TableGPT2-7B / README.md

[Doc] Add Quick Start and Deployment (#1)

2431b1f verified 14 days ago

13.8 kB

	---
	license: apache-2.0
	language:
	- zh
	- en
	base_model:
	- Qwen/Qwen2.5-7B
	---

	# TableGPT2-7B

	## Model details

	We developed and released TableGPT2-7B, a large-scale decoder specifically tailored for data-intensive tasks, with a focus on interpreting and analyzing tabular data. TableGPT2-7B is designed to bridge the gap between conventional LLM capabilities and the real-world demands of tabular/structured data tasks, such as those in business intelligence (BI), automated data-driven analysis, and application tasks tightly involving databases or data warehouses.

	Model Developers

	Zhejiang University

	Variations

	TableGPT2 is available in two configurations—7B and 72B parameters—both derived from the Qwen2.5 model family and optimized for handling structured data in tabular formats. Currently, we have released the 7B version to the public.

	Input

	TableGPT2-7B accepts both text and tabular data as input.

	Output

	TableGPT2-7B produces text-based outputs, specifically optimized for coding tasks, data interpretation, and BI-focused question answering.

	Language

	Our model places a strong emphasis on Chinese corpora, and currently, queries in other languages may have limited support.

	Other Requirements

	We highly recommend exploring [our repository on GitHub](https://github.com/tablegpt/tablegpt-agent), where users can integrate this model into our agent workflow for enhanced performance.

	Model Architecture

	TableGPT2-7B is built upon the Qwen2.5 architecture and includes specialized encoding for tabular data. It features a unique semantic encoder designed to interpret tabular data, capturing insights from rows, columns, and entire tables. Continual Pretraining (CPT) and Supervised Fine-Tuning (SFT) have been applied to equip the model for real-world BI applications and complex query processing.
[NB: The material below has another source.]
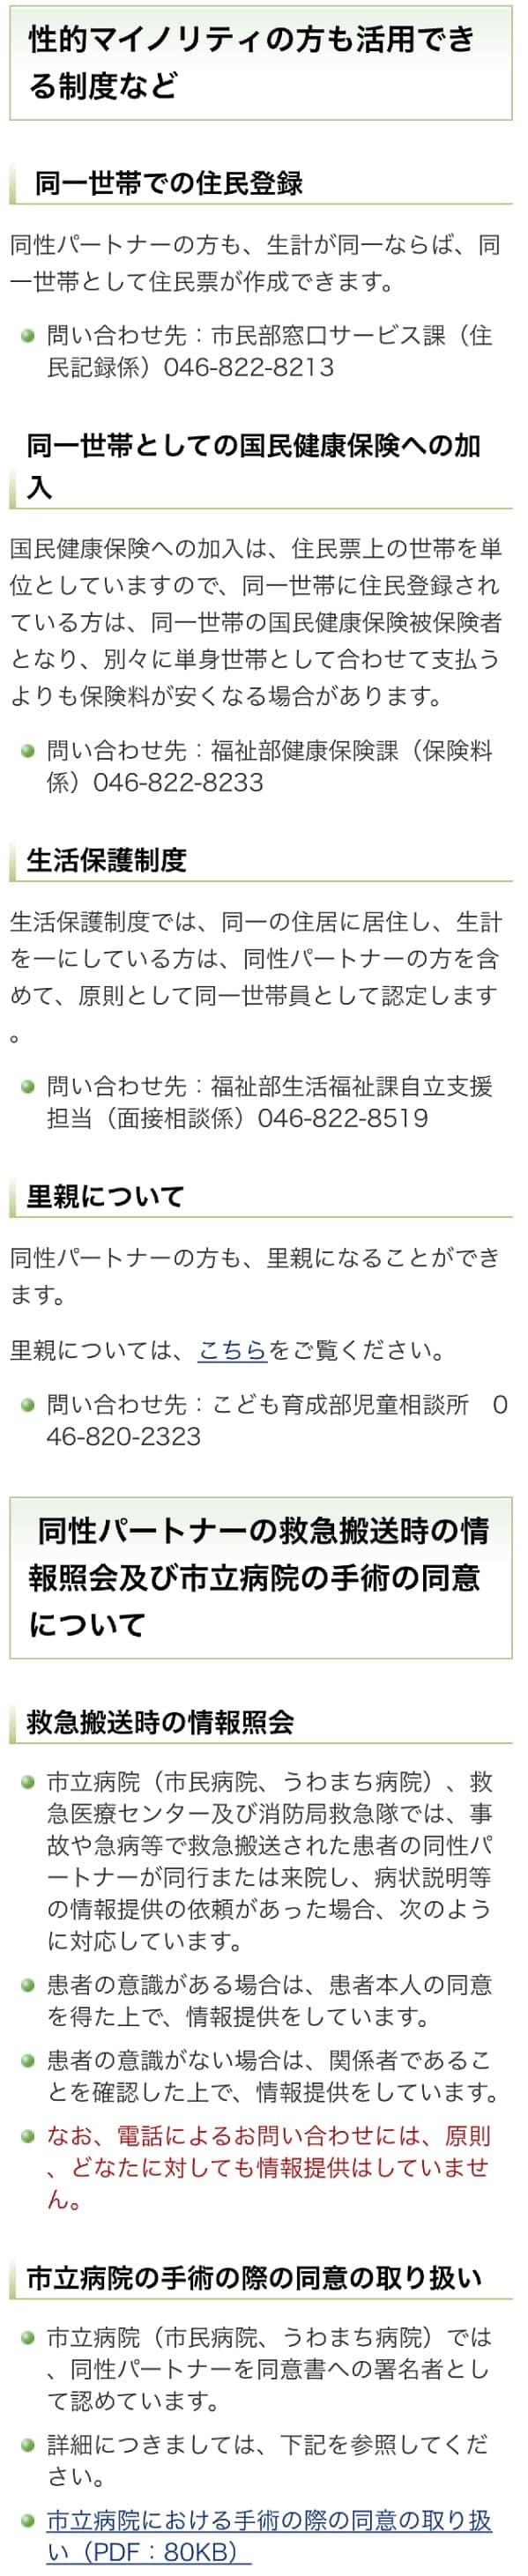 同性カップル等パートナーが現在も利用できる制度を横須賀市ホームページに掲載しました
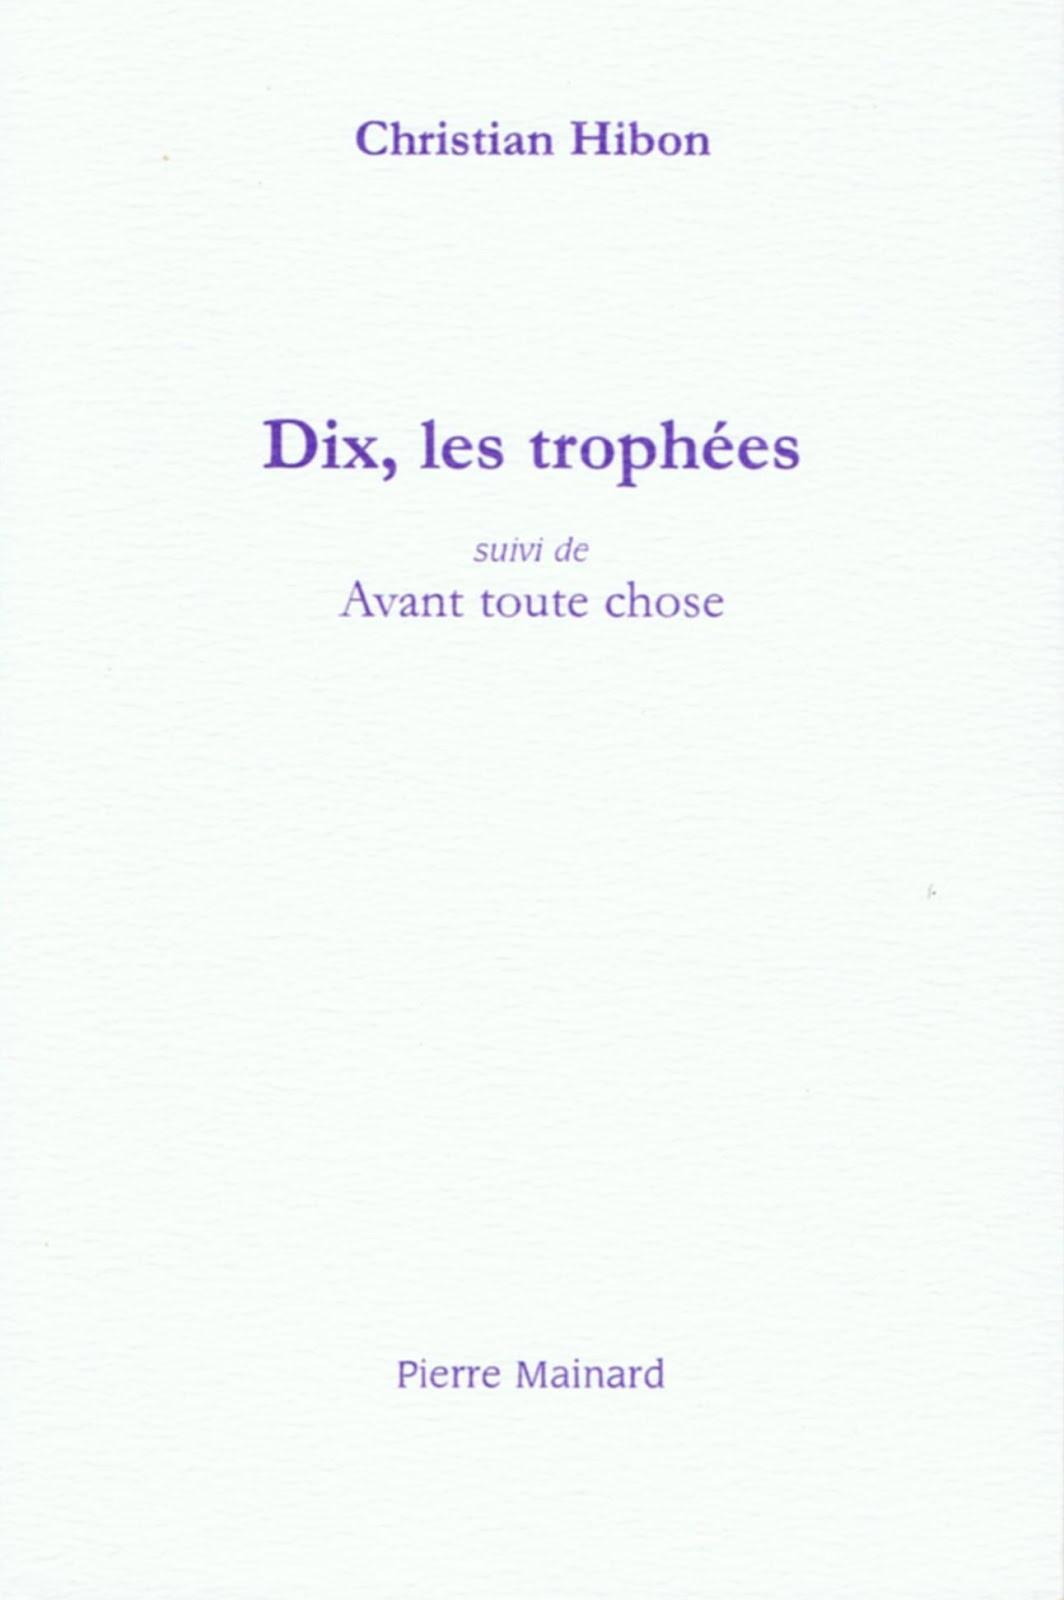 Christian HIBON, « DIX, LES TROPHÉES suivi de AVANT TOUTE CHOSE », Pierre Mainard Éditeur, mai 2019

	For now, the standalone decoder is open-sourced and fully functional without having to require assistance from the encoder. The encoder is currently under preparation, pending engineering considerations, primarily because we hope to provide a tighter integration with DeepSpeed and vLLM.


	\| \| Training Data \| Params \| Context Length \| Tokens \| Tables \|
	\| ------------ \| ------------------------------------------------ \| ------ \| -------------- \| --------------------------------- \| ------------- \|
	\| TableGPT2-7B \| Multimodal data sources and BI-specific examples \| 7B \| 128K \| 86B tokens CPT, 2.36M SFT samples \| 593.8K tables \|

	Status

	This model is static, trained on an offline dataset. Future versions may be released to enhance its performance on specialized tasks.

	Quickstart

	Here provides a code snippet with apply_chat_template to show you how to load the tokenizer and model and how to generate contents.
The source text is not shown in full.